PUISI TERAKHIR
Aku
berkaca
Bukan
buat ke pesta
Ini luka
penuh luka
Siapa
punya?
Keningku mulai mengerut saat mencoba memahami makna sepenggal bait
dari puisi tersebut.. Aku mencoba memulai mengerjakan tugas yang diberikan oleh guruku
di tengah hiruk-piruk ruangan diskusi tempat bimbingan belajar ini.
Kulihat sejenak,teman-teman kelas bimbelku sedang mengerumuni kakak
pengajar yang sedang menjelaskan teori
Matematika tepat didepanku. Kutengok ke belakang, seorang kakak pengajar menjelaskan
soal bahasa inggris yang duduk disampingnya sedang mendengarkan dan mencoba
mengingat teknik-teknik tersebut. Yup, hari-hari di bimbingan belajar ini terasa riuh karena akan menjelang UN.
Kulihat keruangan belakang ada beberapa temanku yang sedang asik menikmati
makanan dan minuman sambil bergosip ria
di cafe yang baru didirikan,setelah mereka belajar dikelas.
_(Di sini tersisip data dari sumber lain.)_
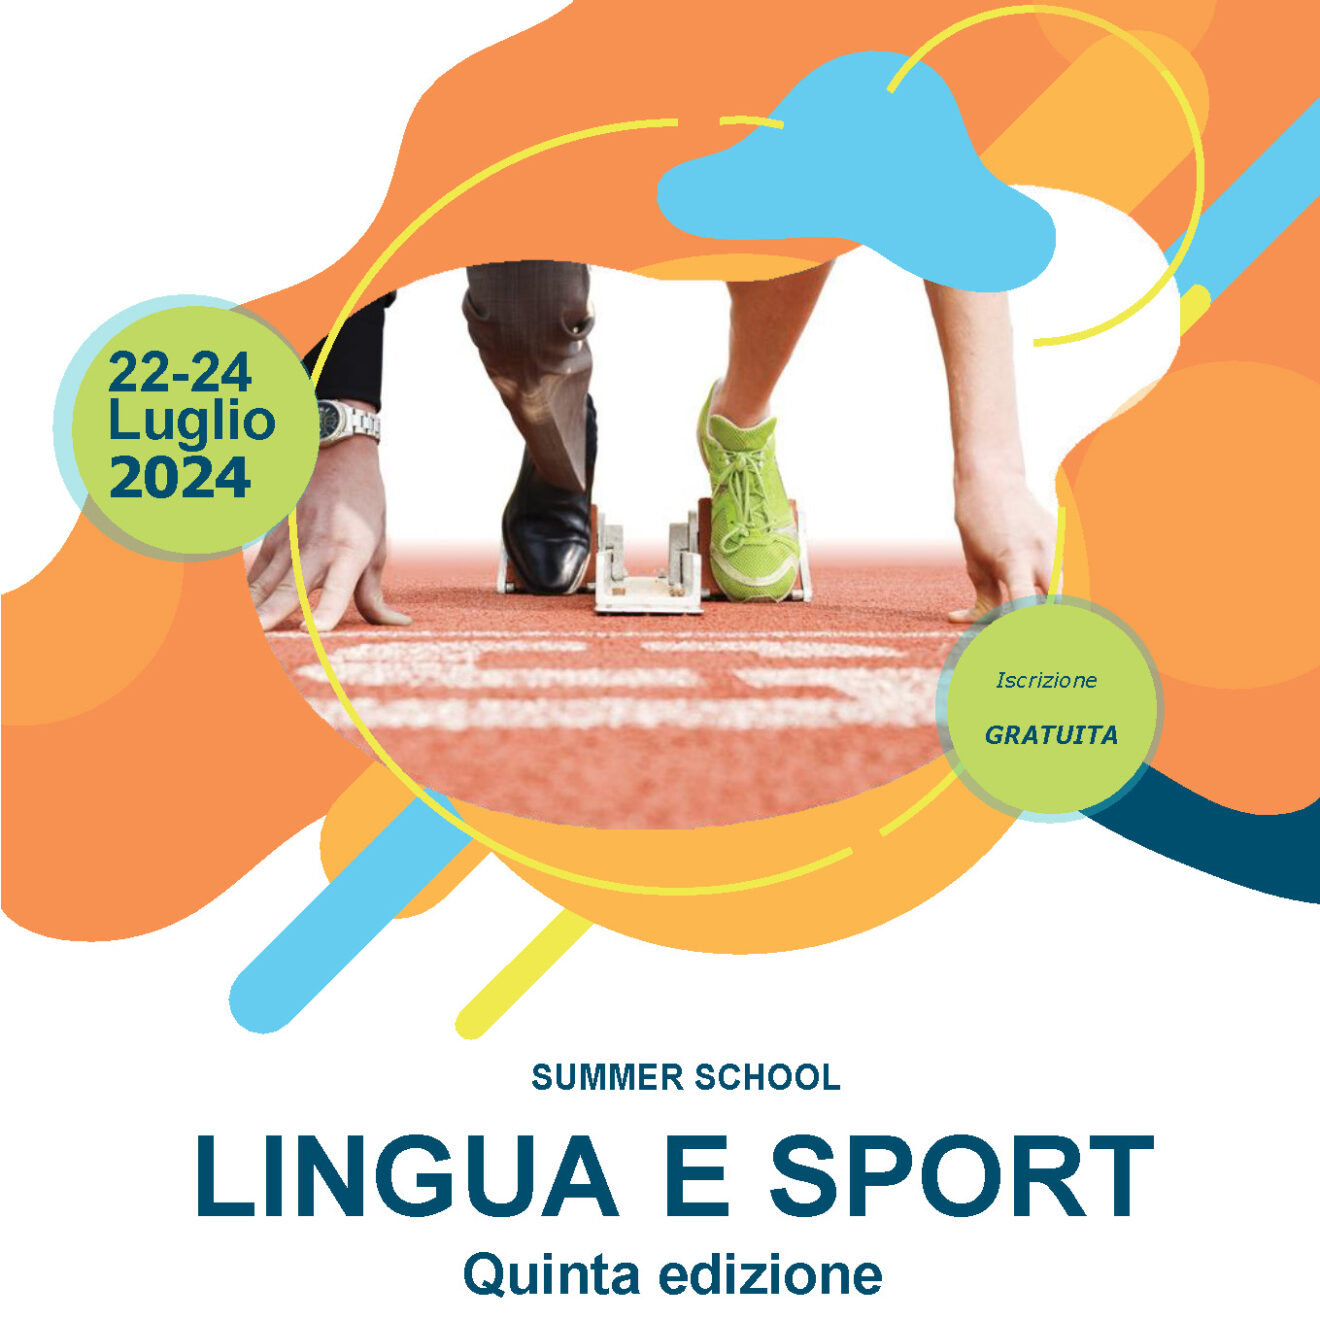 22-24/7/2024 - Summer School Lingua e Sport IV edizione - iscrizioni entro il 7 luglio 2024

Sedang asiknya melihat sekitarku,,seorang
yang tidak asing bagiku turun dari lantai atas dan datang menghampiriku. Dengan
tersenyum ia berkata
“mau diskusi apa Din?”.
“Bahasa
Indonesia ka” jawabku dengan membalas senyumannya
. “Mau
diskusi yang mana?”dengan ramah ia bertaya kepadaku,seperti biasanya dan kini
duduk disampingku.
“Iya nih ka, Dinda bingung. Dinda disuruh
menganalisa puisinya Chairil Anwar,untuk persiapan ujian nasional B.Indonesia”
aku sedikit mrapikan poni rambutku saat mejawab.
“Kamu ingin memahai puisi Chairil yang mana
Din?”tanya kak toni.
“Selamat Tinggal”.
Ekspresi kak Toni langsung berubah dan sedikit
terdiam saat aku memberitahu judul puisi
tersebut. Seperti ada yag dipikirkan didalam benak kak Toni.
“Kenapa
kak?” tanyaku dengan rasa ingin tahu..
“Enggak kok Cuma teringat motto kakak aja” jawabnya.
“motto
apa kak?”.
“Never say goodbye,because someday we will
meet again” jawabnya dengan melihat kdu mataku.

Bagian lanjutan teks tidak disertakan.